En ese entonces, conquistar era una ciencia, no como hoy que solamente basta un mensaje por el Facebook. Era el miedo, la estrategia, el medir con exactitud los tiempos, el imaginar la respuesta a la respuesta, el desasosiego de llamar y de colgar, de volver a llamar y esperar que el papá no contestara. Noviazgos sin fin porque la novia de hoy podía ser la amiga de mañana, la cuñada de la semana entrante y la novia de mi mejor amigo el mes siguiente. Noviazgos sin más consecuencia que una colección de peluches en el cuarto, un carnet de socio de la Pizza Nostra, una pequeña cartillita de discos Bambuco aún sin completar y un montón de cartas y de esquelas apiladas. Eran, amores con canciones mal grabadas en casete, amores eternos que duraban muy poquito.
Y no es que todo fuera bueno. La maldad de ese entonces carecía de malicia porque era una maldad maleducada, sin filtros, brutal si se quiere, pero sincera, sin aspavientos, sin melindres ni alharacas.

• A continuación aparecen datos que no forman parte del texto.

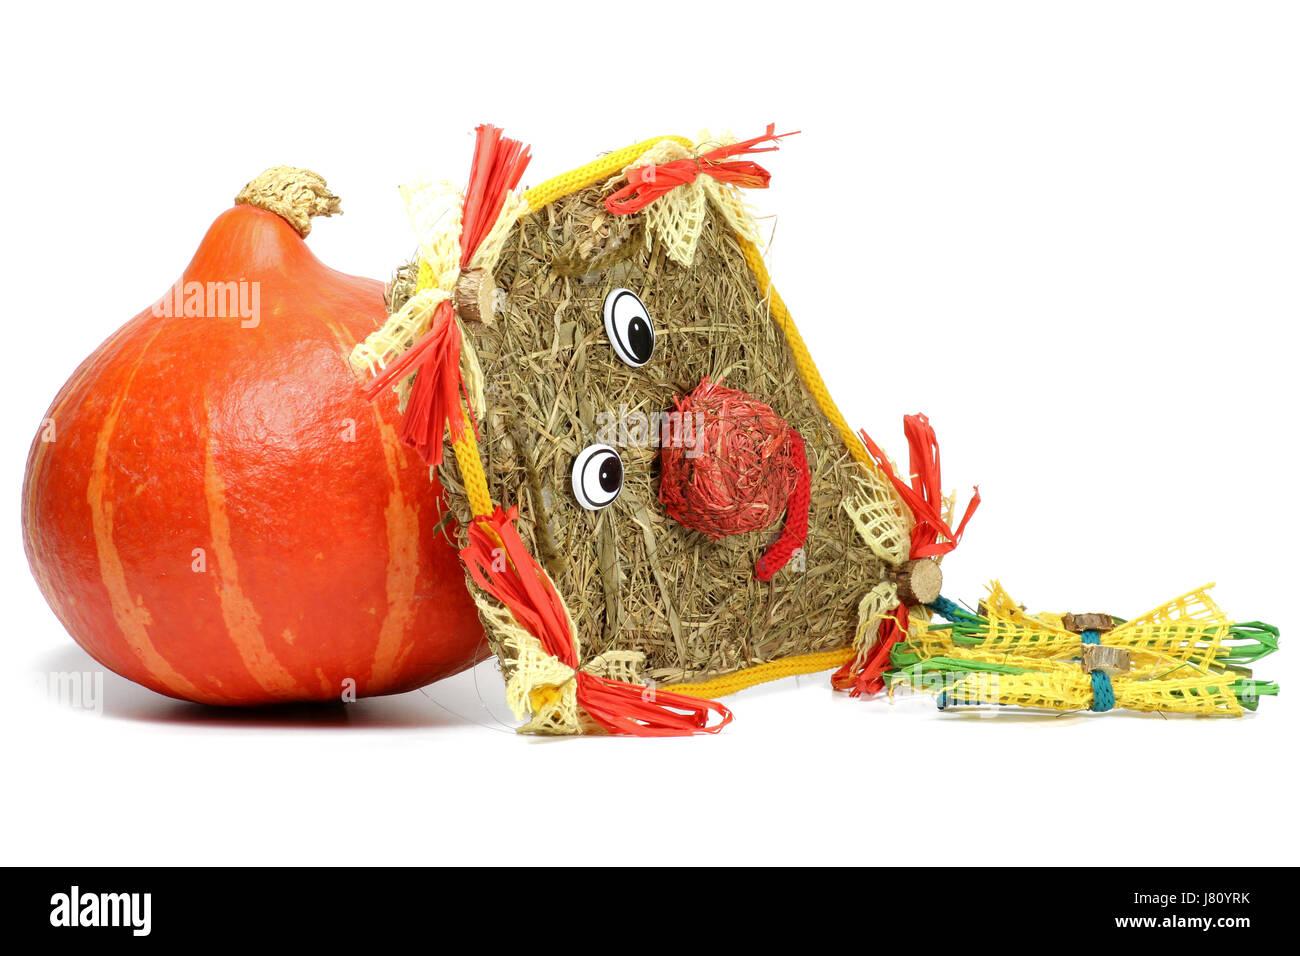 red kuri squash and kite made of straw isolated on white background Stock Photo

La perversidad siempre ha existido pero en ese entonces, el único miedo era ir al colegio el día después de haberse peluqueado o que sonara la orquesta y uno sin saber bailar.
Pero tuvimos que crecer y los hermanos menores dejamos de ser los controles del televisor y adquirimos voz propia y pudimos sentarnos en la mesa a comer al mismo tiempo. Llegaron los domicilios y se acabó la diversión y el viejo truco para quedarnos con las vueltas. Dejamos de vivir en casas con antejardín en cuadras donde todos éramos amigos para refugiarnos como ermitaños en la cruda soledad de los conjuntos enmallados. Y llegó Internet y el amor se convirtió en una cuestión de plan de datos donde lo bizarro es enamorarse por Twitter y desenamorarse por Whastapp.
Afuera dejó de llover y lo único que siento es que me estoy volviendo viejo…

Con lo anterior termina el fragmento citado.